American painter (1920–2014)

Frances Kornbluth (July 26, 1920 – May 26, 2014) was an American painter who spent 57 summers working on Monhegan Island off the coast of Maine. Her work is associated with Abstract Expressionism.

==Biography==
Frances Kornbluth was born in New York City on July 26, 1920. Originally intent on becoming a composer, Kornbluth graduated from Brooklyn College in 1940 with a degree in music; however, in the 1950s she focused her creative energies on painting.

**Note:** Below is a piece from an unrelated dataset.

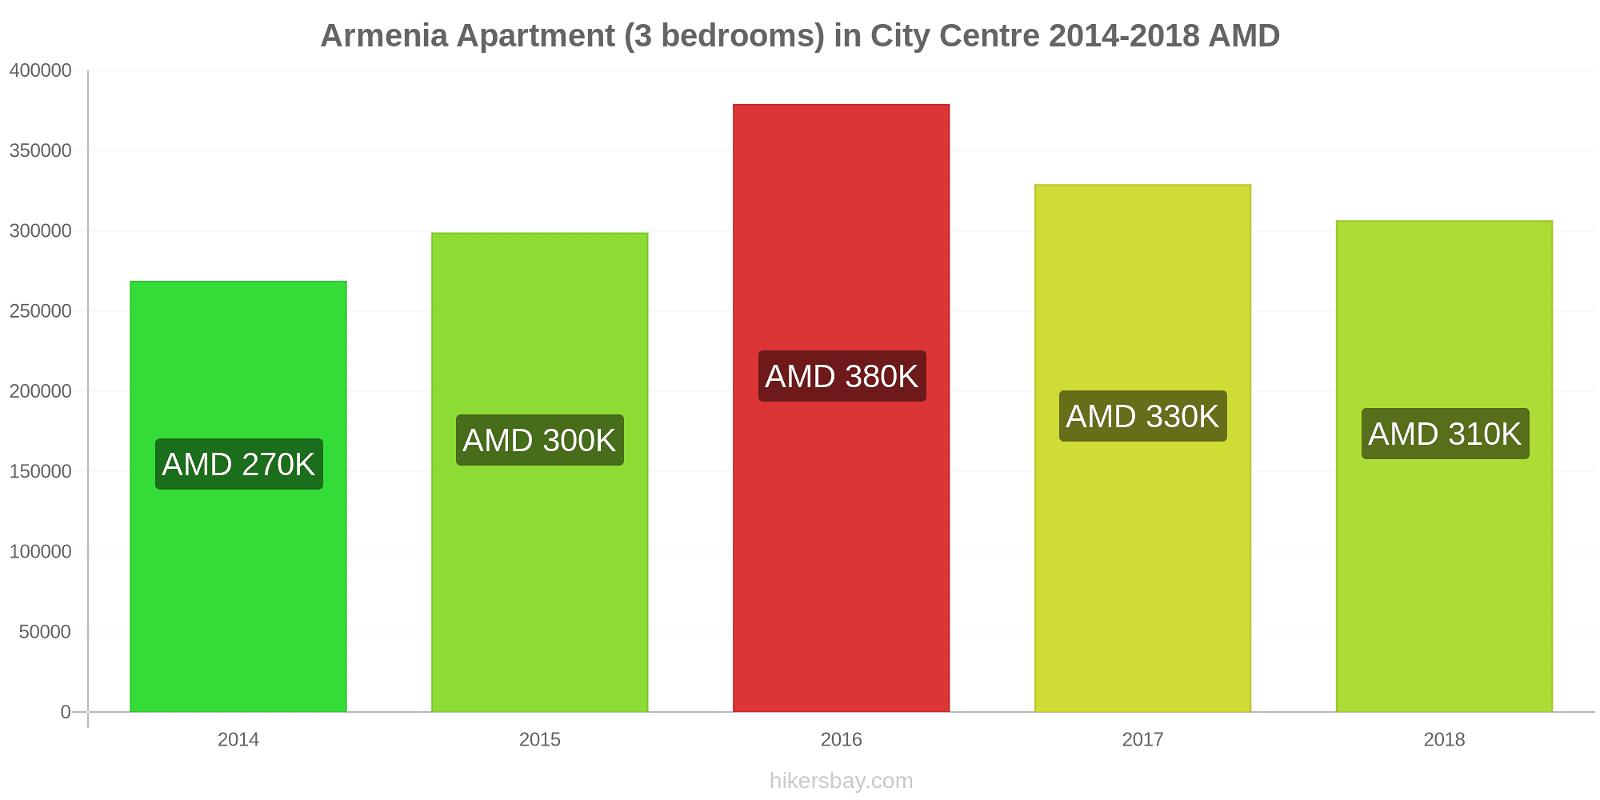 Armenia price changes Apartment (3 bedrooms) in City Centre hikersbay.com

Kornbluth studied at the Brooklyn Museum Art School from 1955 to 1959, where she first met Reuben Tam, and went on to receive a master's degree from the Pratt Institute in 1962. It was Tam who first introduced Kornbluth to Monhegan Island and helped define her as an artist. Beginning in 1957, Kornbluth started spending her summers on Monhegan Island, where her friends and contemporaries included Lynne Mapp Drexler and Elena Jahn. Kornbluth died on May 26, 2014, at the age of 93. During her lifetime, she was a member of the National Association of Women Artists (NAWA), a charter member of the National Museum of Women in the Arts (NMWA) and a founding member of Women Artists of Monhegan Island (WAMI).

==Works==
The natural environment was the primary source of Kornbluth's inspiration, particularly that of Monhegan Island where she summered and painted from 1957 to 2013. Kornbluth painted at her studio in Lobster Cove on Monhegan and at her studio in Northeastern Connecticut. She worked in oil, pastel, acrylic, watercolor, ink and mixed media collage.

==Public Collections==
- Binghamton University Art Museum, Binghamton, New York
- Colby College, Waterville, Maine
- Chrysler Museum of Art, Norfolk, Virginia
- Hudson River Museum, Yonkers, New York
- Monhegan Museum of Art & History, Monhegan Island, Maine
- Portland Museum of Art, Portland, Maine

==Selected Exhibitions==
- "A Common Bond: Women Artists of Monhegan Island" at the Monhegan Museum of Art & History (2024)
- "Maine Women Pioneers III" at the University of New England (2013)
- "Collage: Piecing It Together" at the Portland Museum of Art (2010)
- "On Island: Women Artists of Monhegan" at the University of New England (2007)
- "Monhegan: The Abstracted Island" at the Bates College Museum of Art (2001)
- "Overview: Four Decades" at the University of Connecticut (1996)
- "Artists From Monhegan" at the Allentown Art Museum (1974)

==Awards==
- Lifetime Achievement Award, Brooklyn College (2000)
- Miriam E. Halpern Memorial Award, National Association of Women Artists (1992)
- John Carl Georgo Memorial Award, National Association of Women Artists (1989)
- Elizabeth Morse Genius Foundation Prize, National Association of Women Artists (1982)
- Helen Henningson Memorial Prize for Oil, National Association of Women Artists (1977)
- Charles H. Woodbury Prize for Landscape, National Association of Women Artists (1975)
- The Elizabeth Rungius Fulda Memorial Prize for Lyrical Landscape, National Association of Women Artists (1968)
- Medal of Honor, National Association of Women Artists (1968)
- Catherine & Henry J. Gaisman Prize for Watercolor, National Association of Women Artists (1961)
- Medal of Honor, National Association of Women Artists (1961)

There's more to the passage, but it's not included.